The Hamilton Watch Complex is a former industrial complex in Lancaster, Pennsylvania. It was owned by the Hamilton Watch Company and was used as their headquarters from the company's founding in 1892, until 1980. The complex was listed on the National Register of Historic Places in 1982. The main building was converted into a luxury apartment and condominium complex.  The Administrative Offices now home to a Montessori School.

Design 
The complex is located on the western edge of the city of Lancaster on Pennsylvania Route 462 (Columbia Avenue). Twin  clock towers are the most dominant feature of the building. Each tower is topped with a mansard roof trimmed with copper and a clock with four faces. The four-story complex was built out of brick and is shaped roughly like an 'E' with the main portion of building situated east–west, paralleling Columbia Avenue, and three wings extend north. An unconnected, four-story, Art Deco office building stands south of the main building, located between the two clock towers. The westernmost wing of the complex was designed in a "restrained" International style.

History 
The Adams and Perry Watch Manufacturing Company was formed in September 1874 and started construction on the original building in the complex, which was completed in July 1875. The building, designed by Chicago-architect Clarence Luther Stiles in the Second Empire style, was three stories high and consisted of only the eastern tower, flanked on either side with a wing.
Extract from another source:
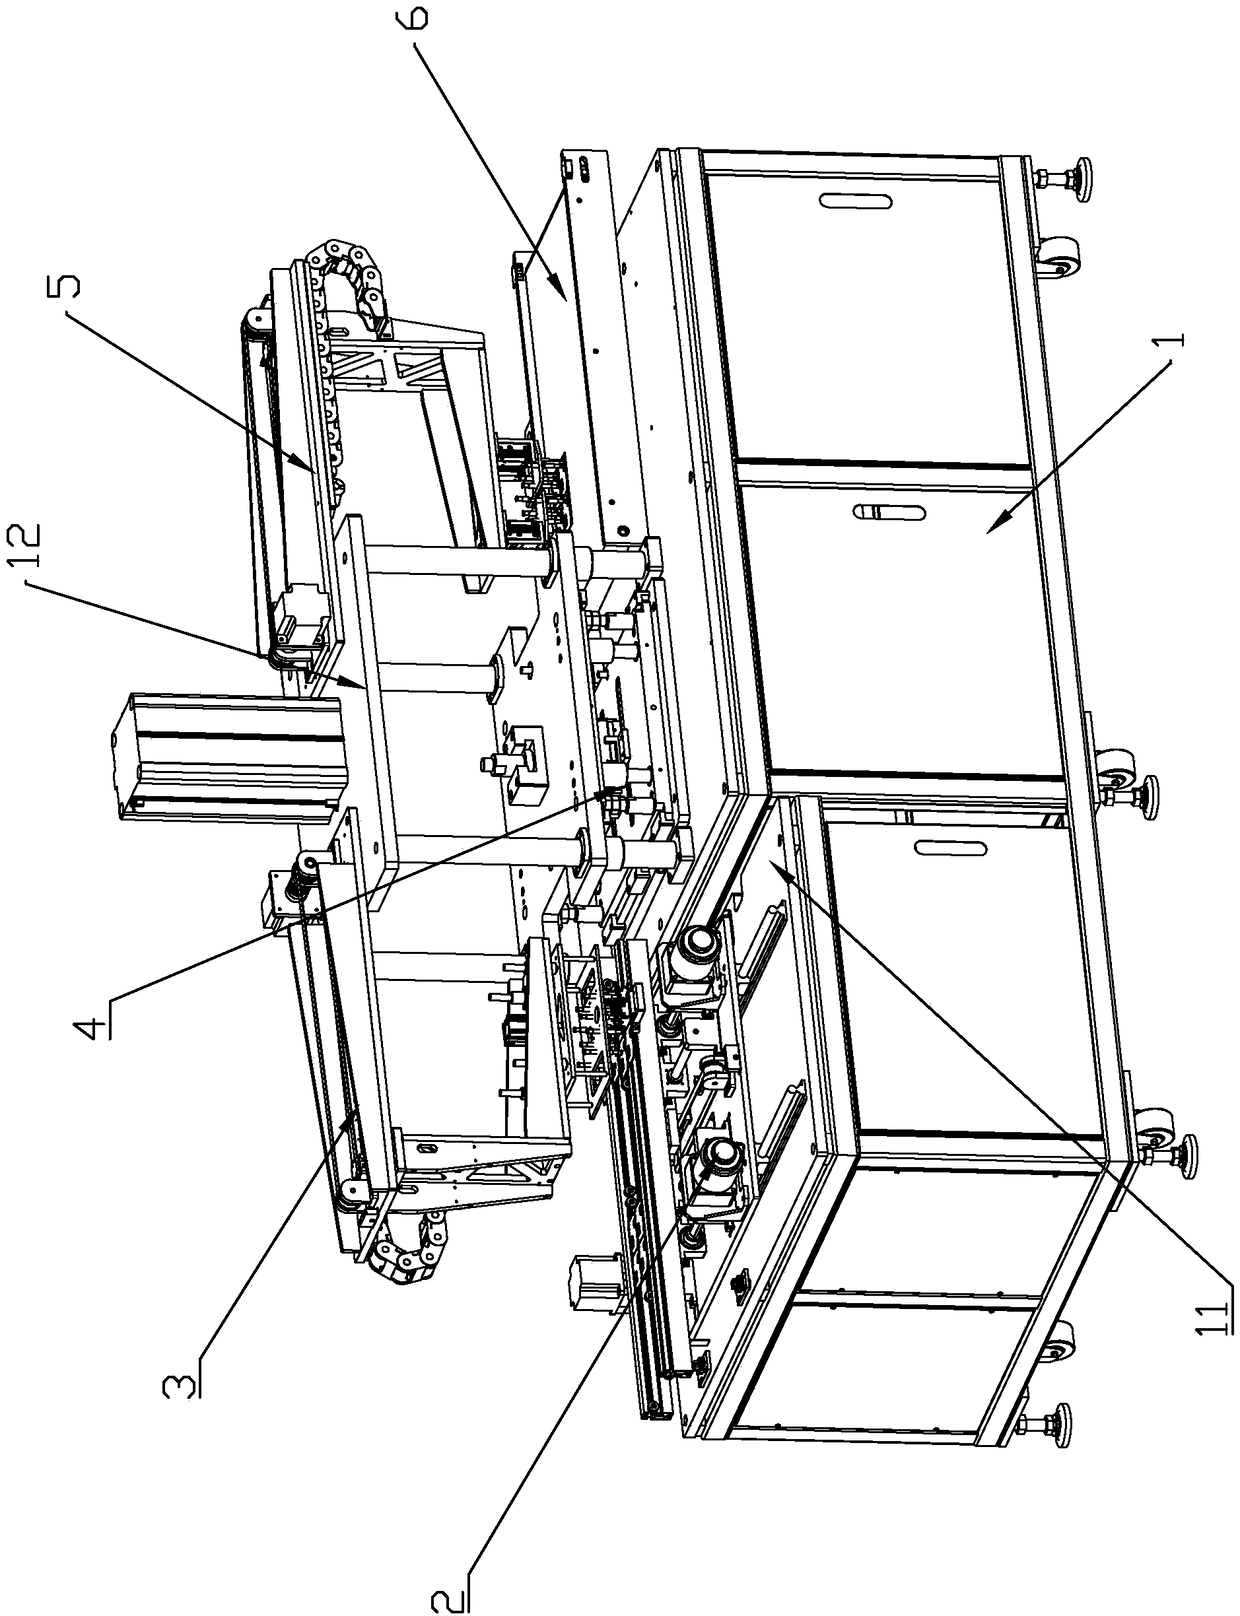 Full-automatic PCB board splitting machine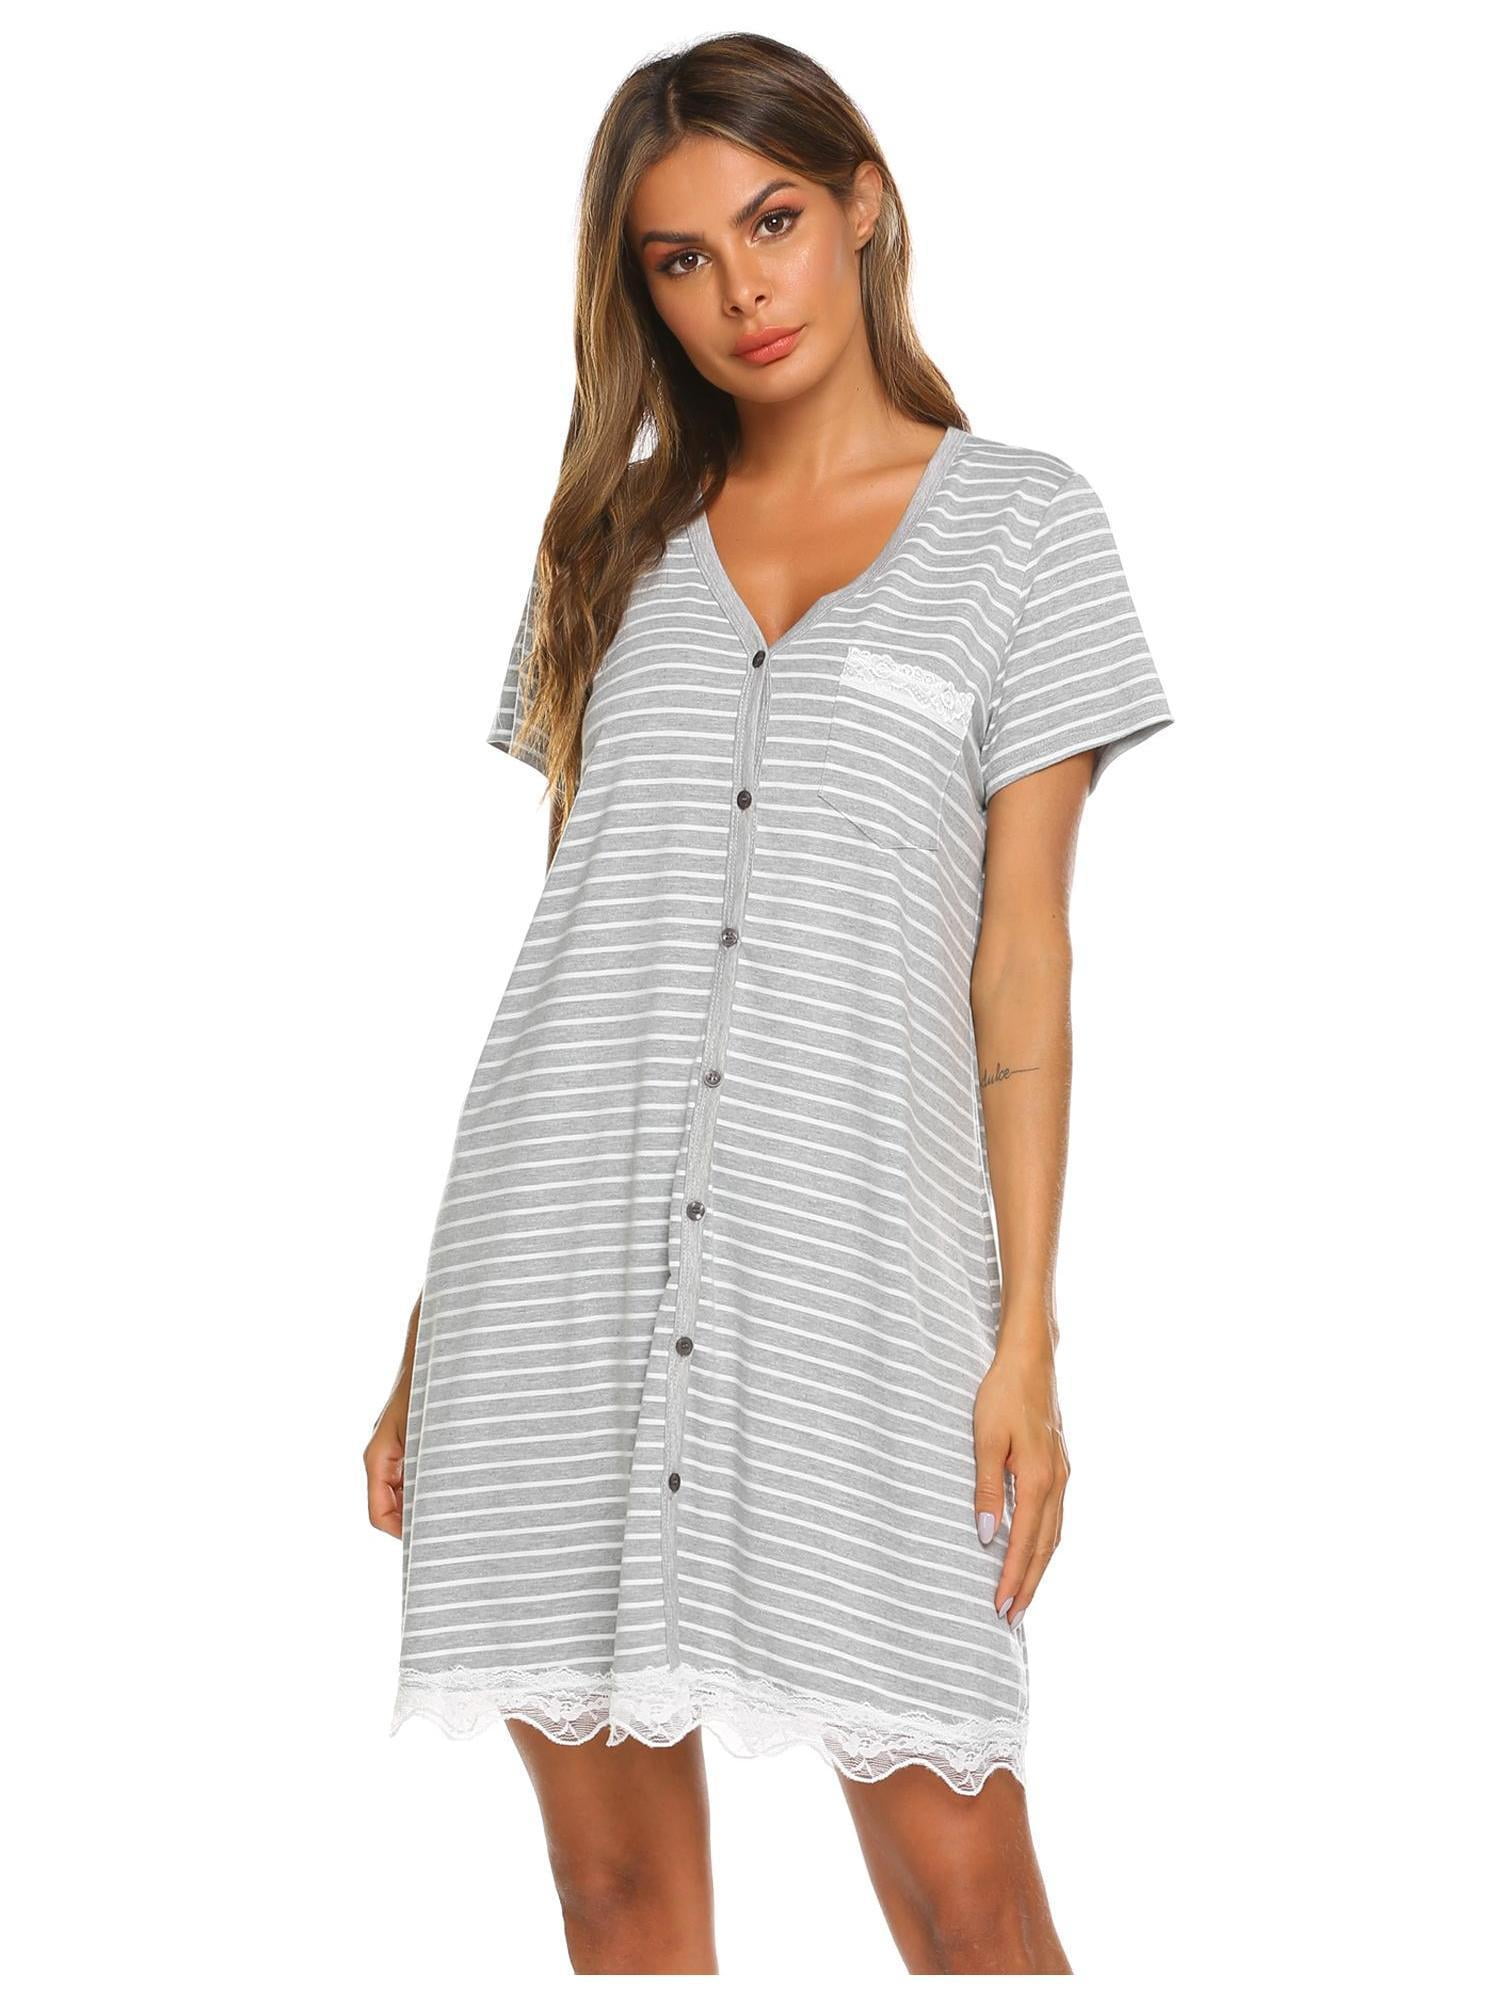 Ekouaer Women's Nightgown Striped Tee Short Sleeve Cotton Sleep Nightshirt Button Down Pajama Dress S-XXXL

The company went bankrupt in 1876 and, after several years of attempts to organize a new company, the Keystone Standard Watch Company was started in 1886. Keystone Standard Watch went bankrupt, as well, in 1890 and its assets sold in 1892 in a public auction to group of investors from Lancaster, who had also bought another bankrupt watch company in Aurora, Illinois. They founded the Hamilton Watch Company on December 14, 1892.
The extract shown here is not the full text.